Since then, the government has thrown extraordinary resources at the market, in an attempt to keep it from sliding lower, including further relaxing margin requirements, allowing large pension funds to get into the market, and even letting farmers use their land as investment collateral. (What could possibly go wrong?)

Whatever the complex issues with long-term risk, however, the short-term issue with these interventions is simpler. They didn't work. The remaining up-and-down movement in July and August has been mostly down, culminating—so far—in today's 8.5-percent decline, the largest one-day fall since the global recession began in 2007. The stock collapse now looks like a turning point.

What's at stake is not just the aggregate value of a particular index. If that were all that mattered, up 45 percent over 12 months is still pretty firmly in the "good news" camp. For all the frenzy, the economy is still growing, if somewhat sluggishly by Chinese standards, and most ordinary citizens are not invested in the market. What's at stake is the government's credibility.

It's never hard to explain a market collapse. They happen when common sense returns, as people realize that the companies they are investing in aren't worth as much as the price of their stock. The hard part is usually figuring out why common sense departed in the first place. Animal spirits are invoked, short-sellers are scapegoated, and so on, leaving only a diffuse sense of cause and effect.
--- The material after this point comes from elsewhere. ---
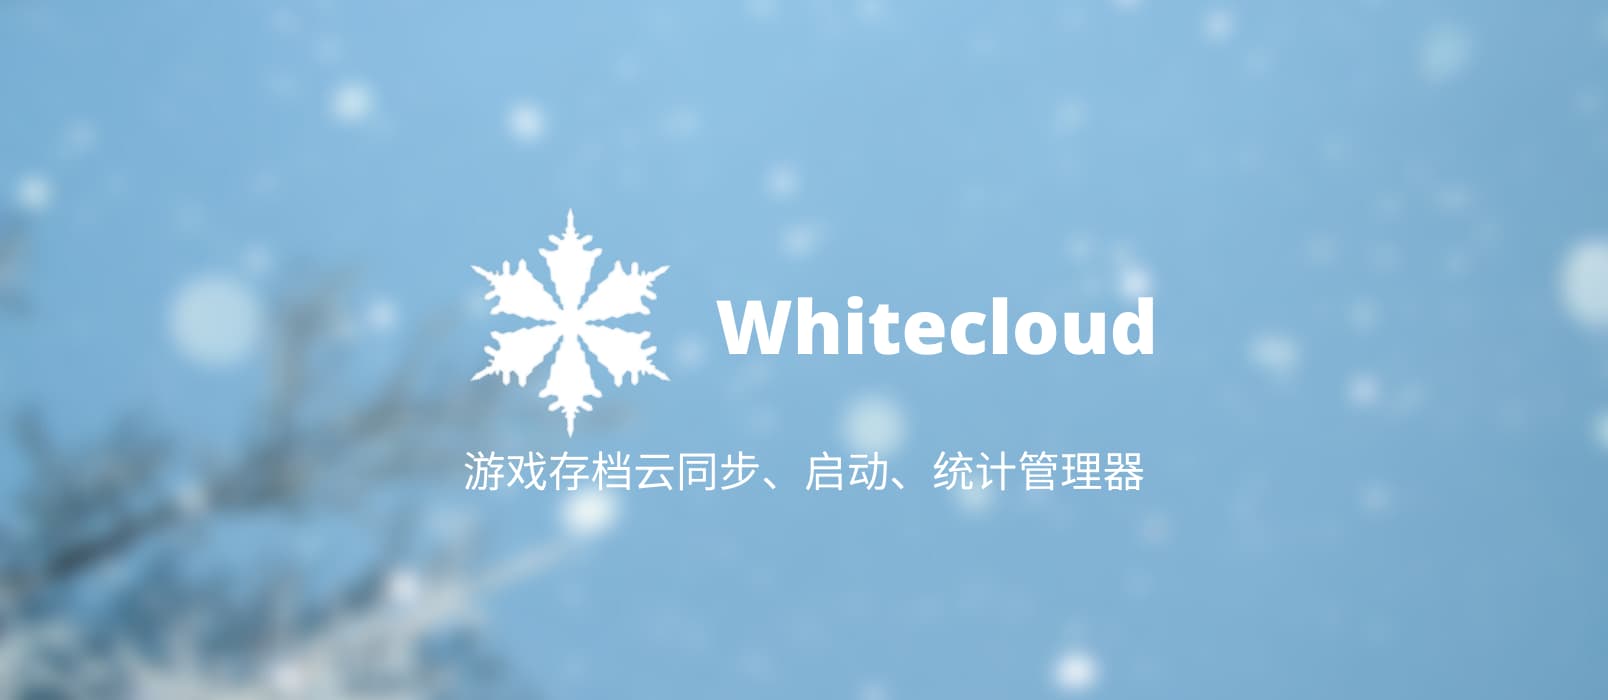 Whitecloud - 本地游戏存档管理器：存档云同步、启动、攻略、时间统计[Windows] 1

In China, though, things are different. The cause of the bubble was the government. Officials relaxed trading restrictions and started talking up stock investment. Everyone saw them do it, and indeed, the surge of individual traders happened because the Xi administration was willing to mortgage its well-deserved reputation for competence to assure those very investors that the market was a safe bet. And if the government cannot protect the investments of individual investors in the face of a market rout, then the market as a symbol of governmental strength and ability turns negative, along with the index itself.
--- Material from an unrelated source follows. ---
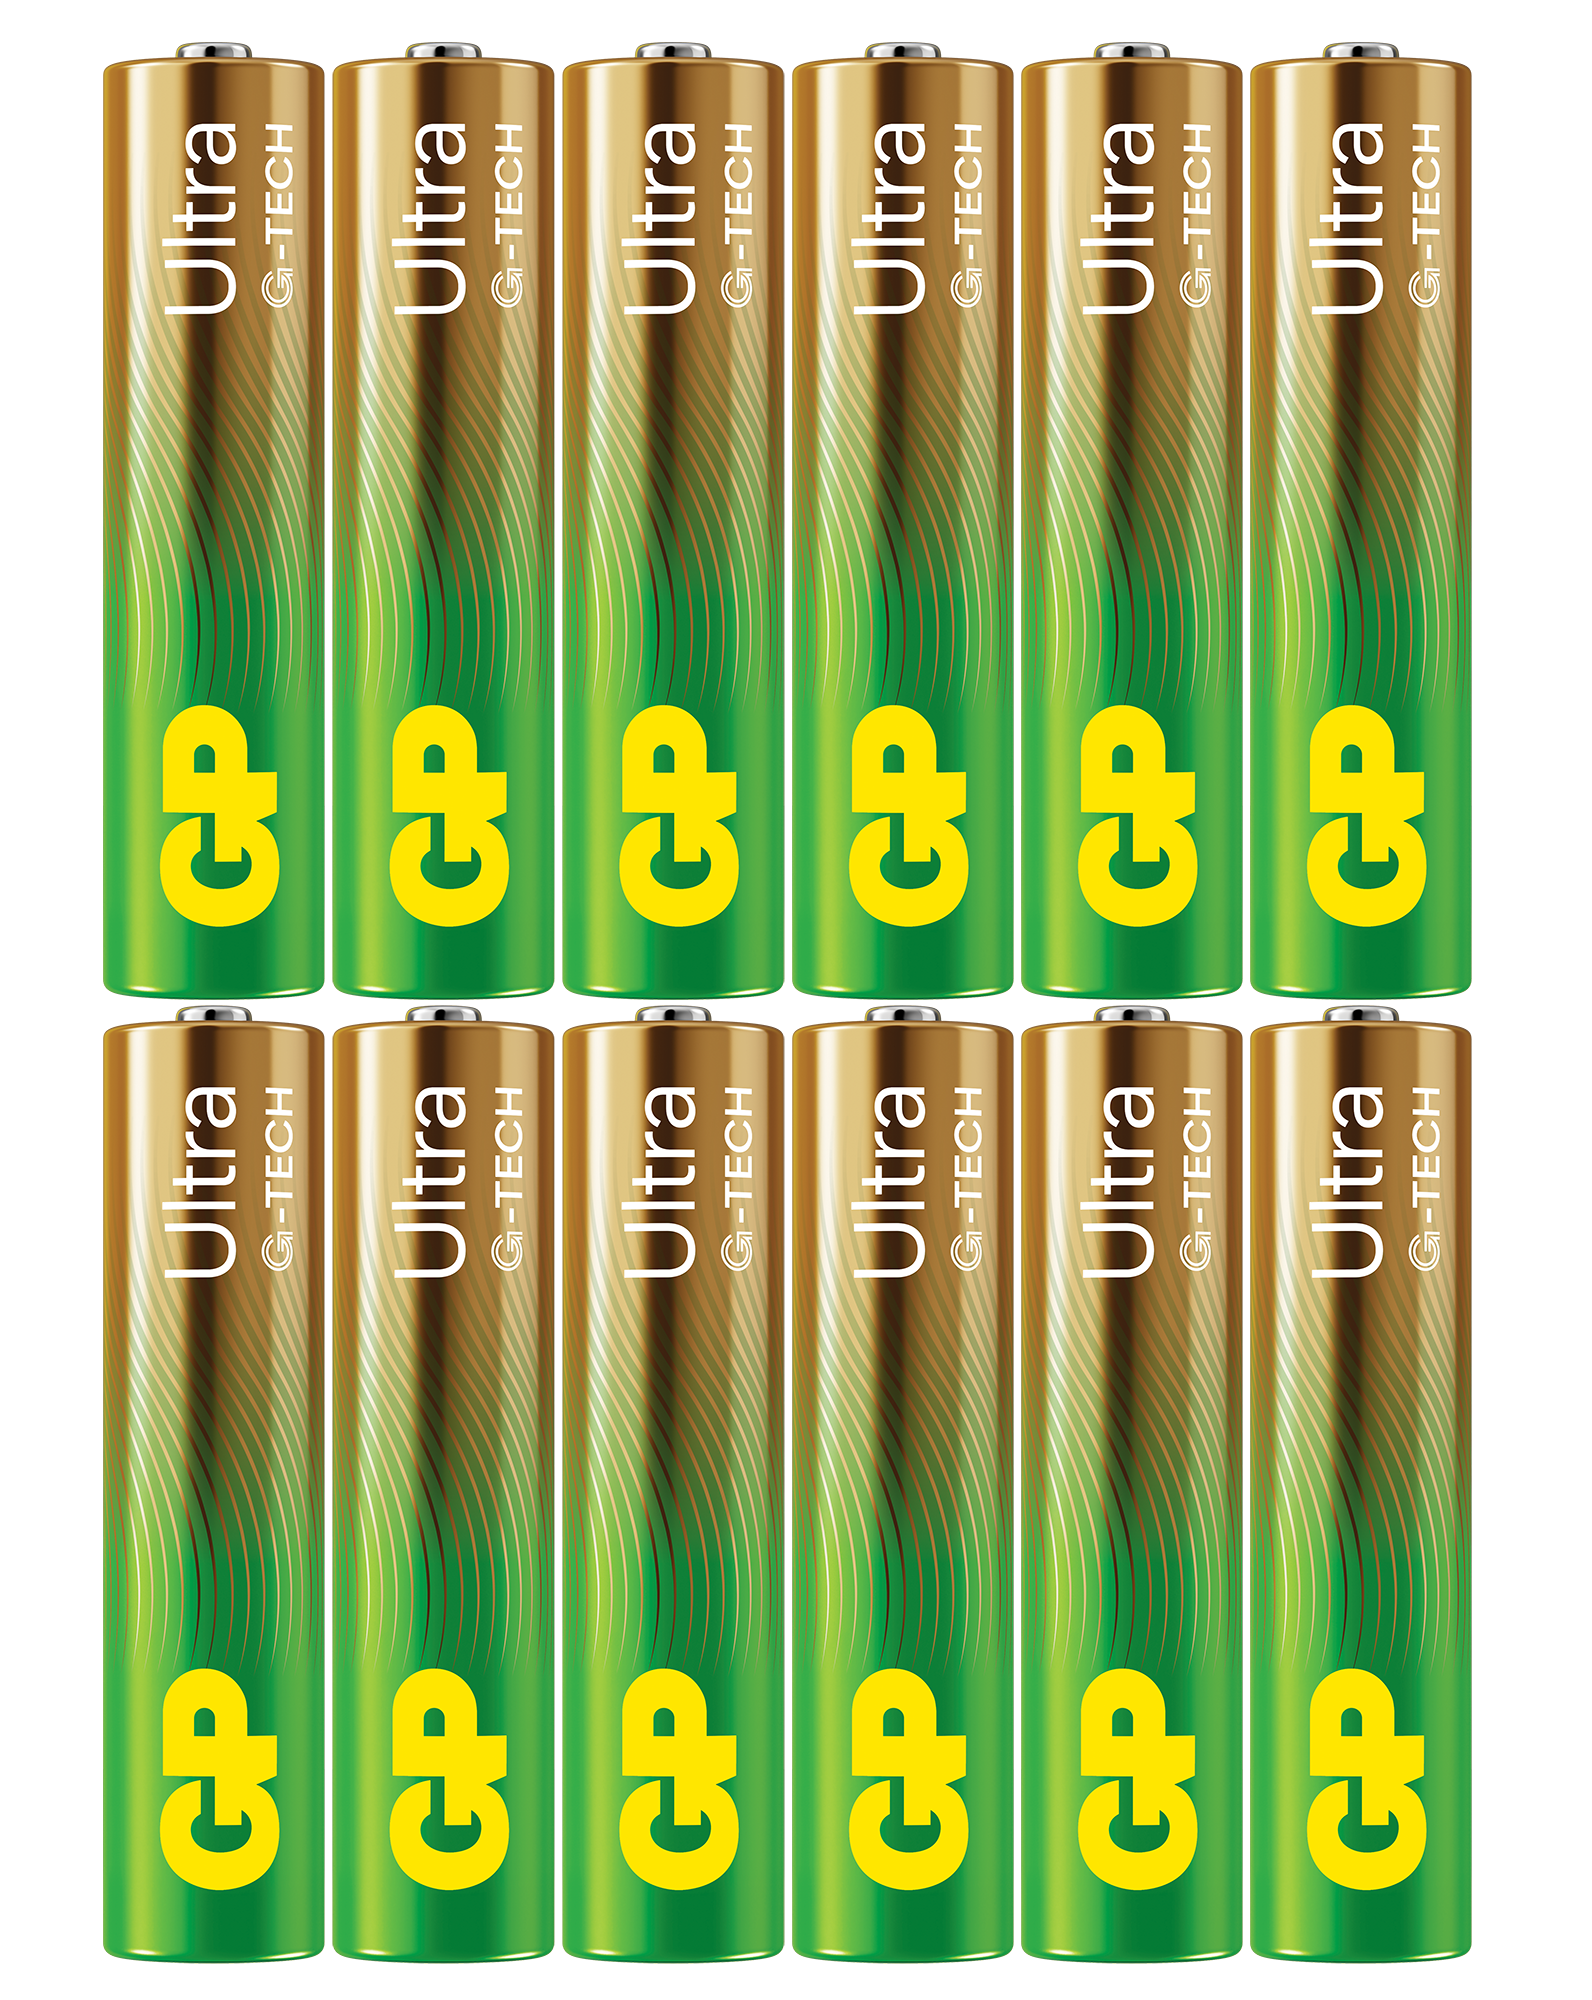 Ultra Alkaline AAA-Batterie 24AU/LR03 (12 Stück)

In the same way Hurricane Katrina allowed Americans to consider that we might be losing the war in Iraq, by making it more acceptable to question the competence of the people in charge, the behavior of the Shanghai Composite Index casts more than Beijing's economic policies in doubt. The government couldn't prevent the market from collapsing, even after assurances during its rise, and after visible, persistent and enormous efforts to stem its fall, raising questions about the government's managerial nous. The explosion in early August of several thousand tons of volatile chemicals illegally stored in Tianjin (southeast Beijing in all but name), and this weekend’s chemical explosion in Zibo City, takes place against a background of worry about the government's handle on regulatory issues generally. In post-socialist China, a reputation for effective management is a pillar of legitimacy, one that has now been shaken.